[The inactivation of specific type-II glucocorticoid receptors by preparations of the phenothiazine series].

Experiments were conducted on adrenalectomized and intact male Wistar rats weighing 100-120 g. Hepatic cytosol was obtained by ultracentrifugation. Specific type-II or -III glucocorticoid receptors were determined by means of labeled triamcinolone acetonide or labeled cortisol. In model studies aminazin (chlorpromazine hydrochloride) and tisercin (levomerpromazine) were used in concentrations of 3.5 x 10(-4) M, and phrenolon in a concentration of 1.0 x 10(-4) M. Adrenalectomized and intact animals were given intraperitoneal injection of 0.1 ml/100 g of 2.5% tisercin solution. In model experiments and in intraperitoneal administration to adrenalectomized and intact animals aminazin and tisercin caused inactivation of specific type-II glucocorticoid receptors of liver cytosol.

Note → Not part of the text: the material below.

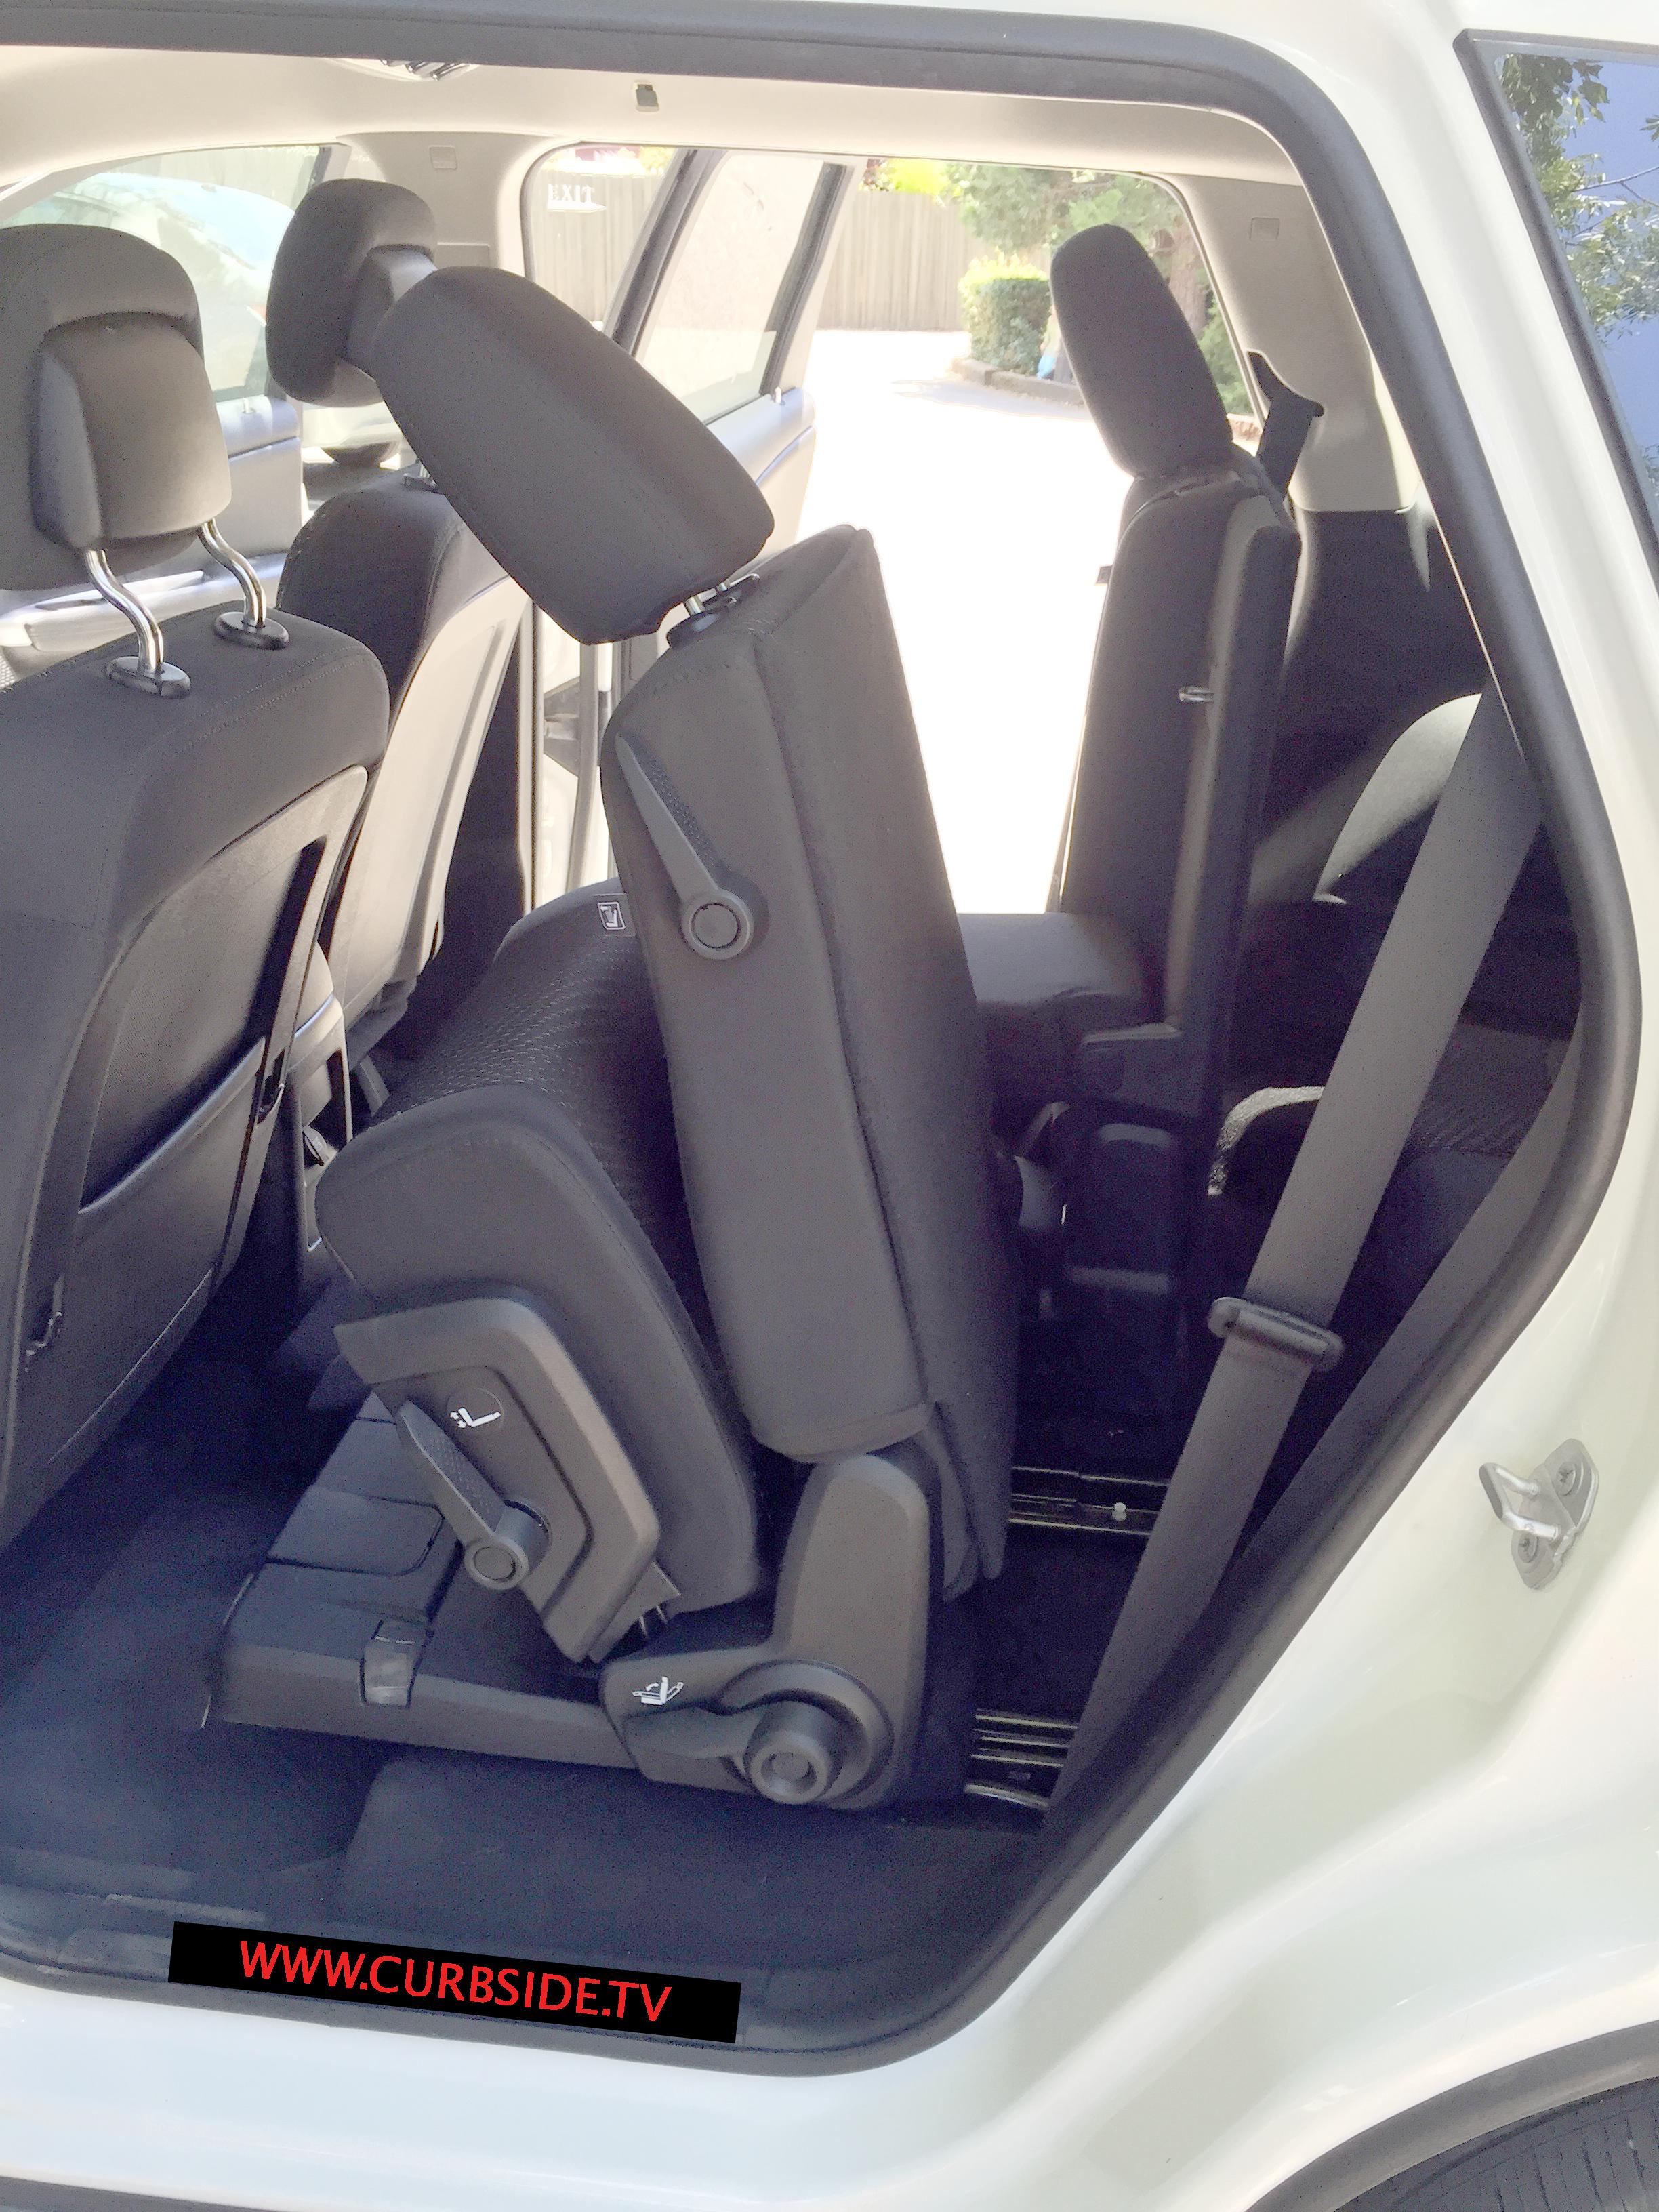 Dodge-Journey-rear-seat-flexibilty.png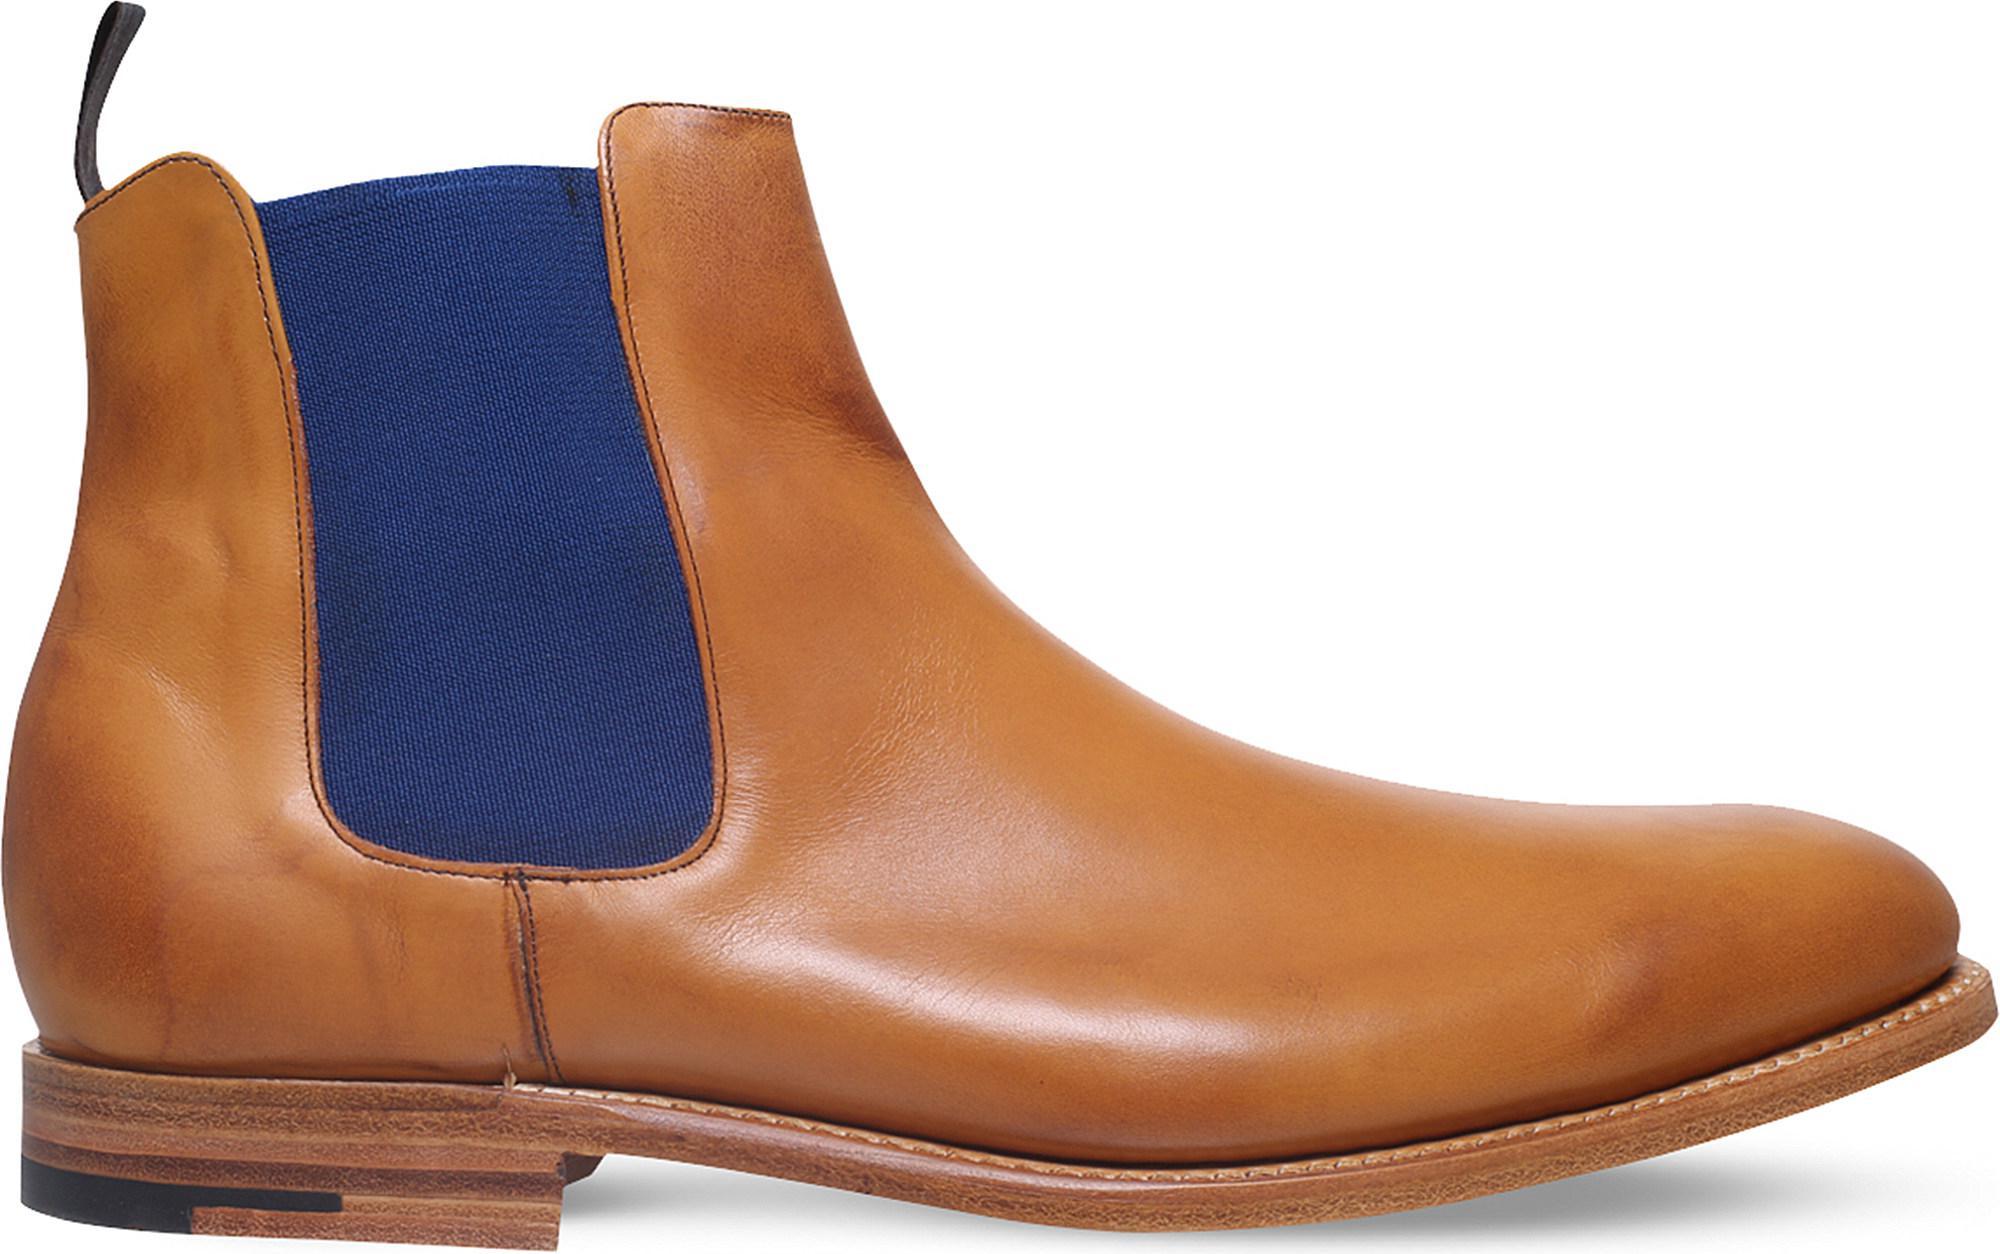 ef82f374a70 Barker - Brown Hopper Leather Chelsea Boots for Men - Lyst

In model experiments only tisercin in a concentration of 7.0 x 10(-4) M increased the level of type-III glucocorticoid receptor of hepatic cytosol of adrenalectomized rats. Preliminary treatment of type-II glucocorticoid receptors of liver cytosol with tisercin (1.0 x 10(-4) M and 1.0 x 10(-3) M) and subsequent removal of tisercin by hard-phase adsorption from the cytosol led to their inactivation. The author was the first to prove that some therapeutic agents of the phenothiazine series are capable of inactivating hepatic glucocorticoid receptors of adrenalectomized and intact animals. The theoretical and practical significance of the discovered effect of agents of the phenothiazine series is discussed.